Full steam ahead
Tuesday, 12th April, 2011
By Andrew Robertson
The largest of Toho Zinc's earthquake-damaged zinc smelters could be operational again as early as next month, according to CBH Resources, which is ramping up development at the Rasp Mine.
CBH's operations manager Visko Sulicich said yesterday Toho, the Japanese company that acquired CBH last year, was currently working to repair its smelters.
The smelters, including the company's main zinc smelter, were damaged by the 9-magnitude quake that struck off the northeast coast of the country last month.
Soon after the disaster, Mr Sulicich said Toho had reassured CBH that development of the Rasp Mine, which will supply material to the parent company's smelters, would proceed as normal.
"In a month or two they will be in a position to re-start the (main) smelter," Mr Sulicich said yesterday.
While there was never a "good time" for a disaster, Mr Sulicich conceded it was somewhat fortuitous for both companies that Rasp was still 12 months from production.
Meanwhile, work on the city's newest mine was set to "take off" from this week, Mr Sulicich said, referring to construction of the $70 million processing plant and other major infrastructure works.
West Australian-based company GR Engineering Services (GRES) won the contract to build the plant.
"The earth works really kick off in a big way this week; that's the start of all the construction works," he said.
"You'll see some big equipment happening down at the north end of the site as of today.
"There's more and more people coming on board (and) there's a number of local contractors that have been sub-contracted by GRES to come on board and do some of that work."
In parallel to that work the company has some major infrastructure projects to complete, including bringing in a power line from Kanandah road and constructing a rail siding down the north end of the site.

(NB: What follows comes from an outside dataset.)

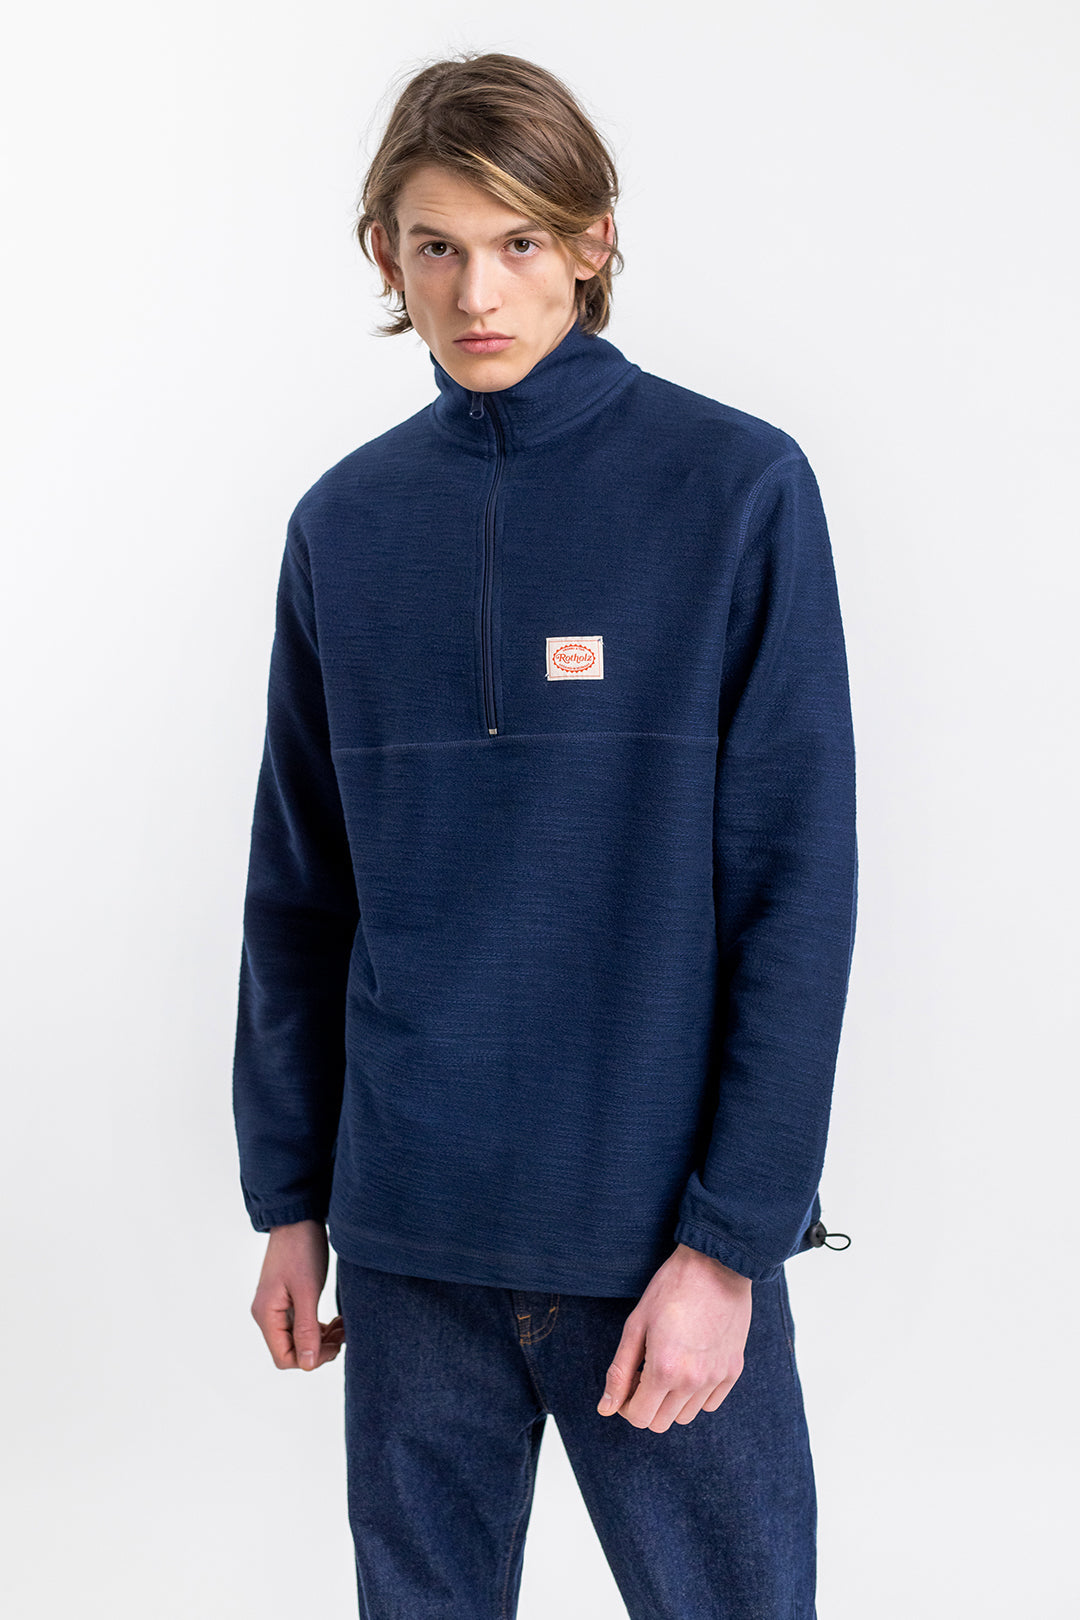 Männer Model trägt das Rotholz Half Zip Sweatshirt aus Bio-Baumwolle in Blau

Then there are roads and all of the storm management works.
"We've got to contain all the water on site so there's a heap of drains and things that have to be built," Mr Sulicich said.
"There's probably a million and half dollars that we have in our budget to do all these works."
In a change from the original plan, tailings, the waste material left over after processing, will now go into one of the open cut pits on the lease.
"Instead of building a tailings facility (adjacent to Eyre Street) we're going into Blackwoods Pit with a tailings facility," Mr Sulicich said.
The company has also ordered a new changehouse for the around 180 operators and personnel who will work on site. It should be in place by the end of the month.
By then CBH hopes have the underground side of the project up and running.
"By the end of this month we should in a position where we've got all our equipment here, and we've got to get our underground workforce together which we haven't done yet," he said.
"We've got a lead time of about 10 months before the plant's ready to go (and) we have to have the ore in place to feed the plant.
"So from May you'll start to see the underground works take off."
Mr Sulicich said a host of big-ticket machinery, including 50 tonne dump trucks, face jumbos, loaders and production drills had been ordered.
The company will initially target the Western Mineralisation and some remnant pillars before heading deeper underground.
But even before mining can begin there is about six kilometres of underground development work that needs to be done.
Initial production is scheduled to begin once the processing plant is finished in April with full-scale production by July.
"We're talking about a practical completion about the middle of April next year, but before that we've got dry commissioning and wet commissioning and that's expected to start in about January," Mr Sulicich said.
"So it's a pretty aggressive construction phase."
He said CBH had been happy with the response from local contractors.
"We've had many people come up and say we'd like to get involved in this so ... the response from local contractors has been very encouraging."